Für einmal Lob statt Prügel aus Europa: Nach Ansicht des europäischen Sachverständigenrats EEAG könnte die Schweiz für die Europäische Union (EU) in Bezug auf die institutionellen Regeln in mancherlei Hinsicht ein Vorbild sein.
Unter dem Titel «Schweiz: Relikt der Vergangenheit, Modell für die Zukunft?» untersucht die European Economic Advisory Group in ihrem Jahresbericht 2014, was Europa aus der Geschichte der Schweiz und ihrem heutigen Umgang mit Fragen wie Steuerwettbewerb, Finanz- und Währungspolitik sowie Arbeitsmobilität lernen könnte.

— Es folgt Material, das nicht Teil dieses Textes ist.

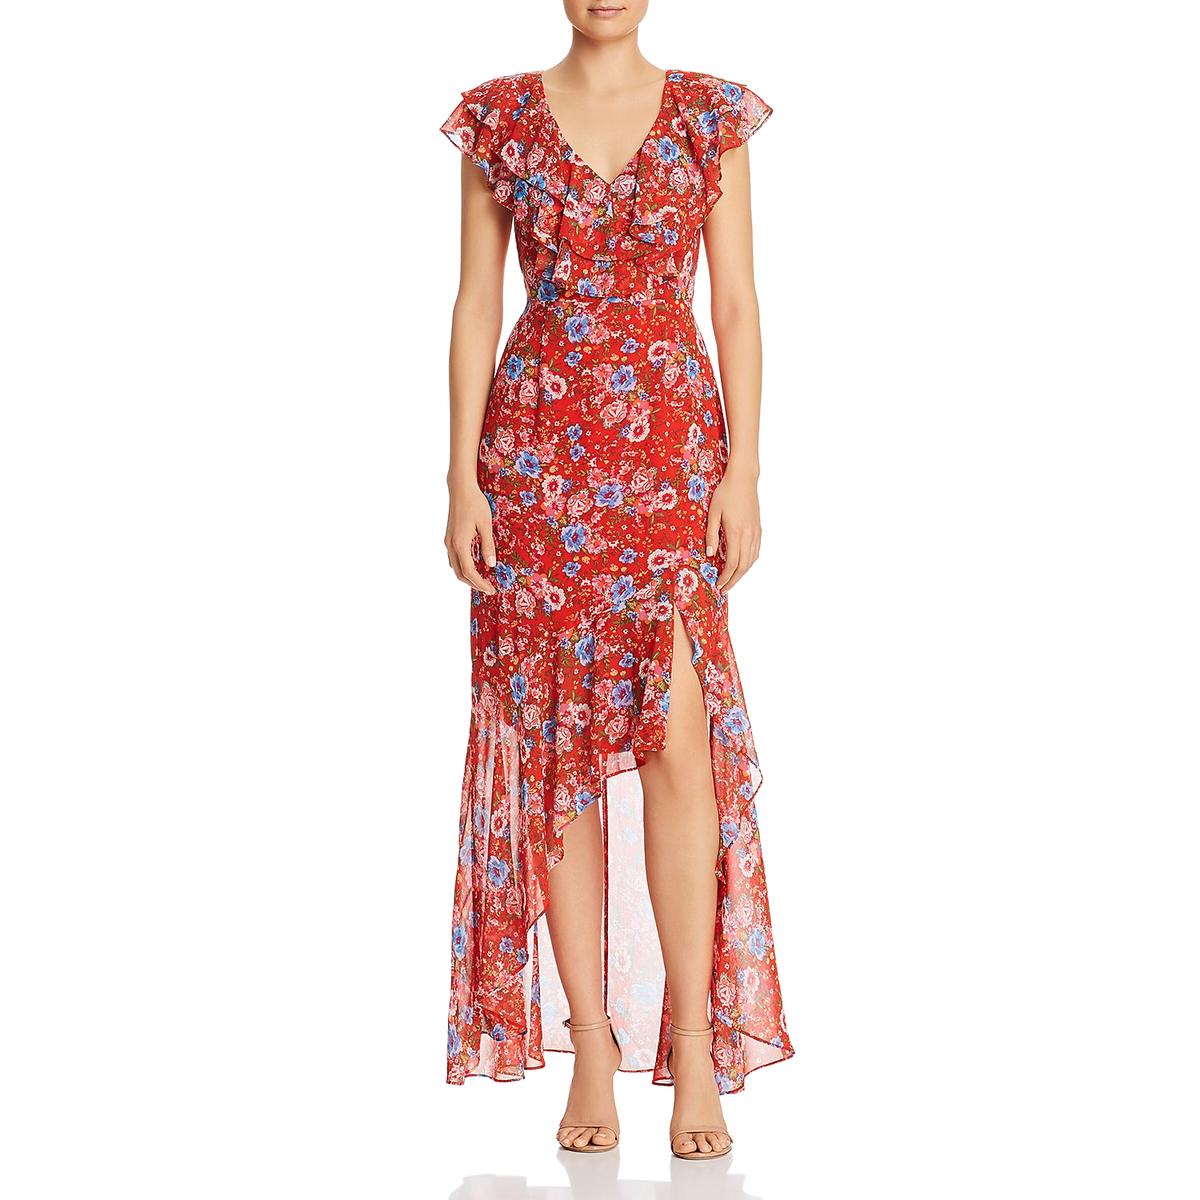 WAYF Womens Levani Red Ruffled Floral Hi-Low Midi Dress S BHFO 2892 | eBay

So wie die Schweiz heute in gewissen Punkten europäischer geworden sei, so könnte es für Europa in anderen Bereichen nützlich sein, schweizerischer zu werden, finden die Experten, die die regelmässig Berichte zum Zustand der europäischen Konjunktur veröffentlichen.
Pionierrolle bei Schuldenbremse
Namentlich sollte die EU nach Ansicht der Autoren nicht versuchen, die nationalen Kulturen ihrer Mitgliedsländer über einen Leisten zu schlagen, sondern vielmehr dem Beispiel der Schweiz folgen. Dort sei man sich der internen kulturellen Unterschiede sehr bewusst und gleichzeitig «sehr stolz auf das Land».
Die Schweizer hätten eine institutionelle Struktur entwickelt, die jener ähnle, um die die EU gegenwärtig kämpfe, finden die Experten. Sie raten darum der Union, von der Abfolge der Schritte zu lernen, die die Schweiz bei der Schaffung dieser Strukturen unternommen habe.
Besonders angetan zeigen sich die Wirtschaftsweisen der EEAG von der Schuldenbremse, bei der die Schweiz eine Pionierrolle gespielt habe. Auch aus der Tatsache, dass der Steuerföderalismus eine Vergemeinschaftung von Schulden nicht zulasse, könnte die EU ihrer Ansicht nach Lehren ziehen.
Der Sachverständigenrat wurde 2001 vom Münchner Ifo-Institut ins Leben gerufen und besteht aus sechs namhaften Volkswirten aus fünf Ländern. Dazu gehört auch der Direktor der Konjunkturforschungsstelle der ETH Zürich (KOF), Jan-Egbert Sturm.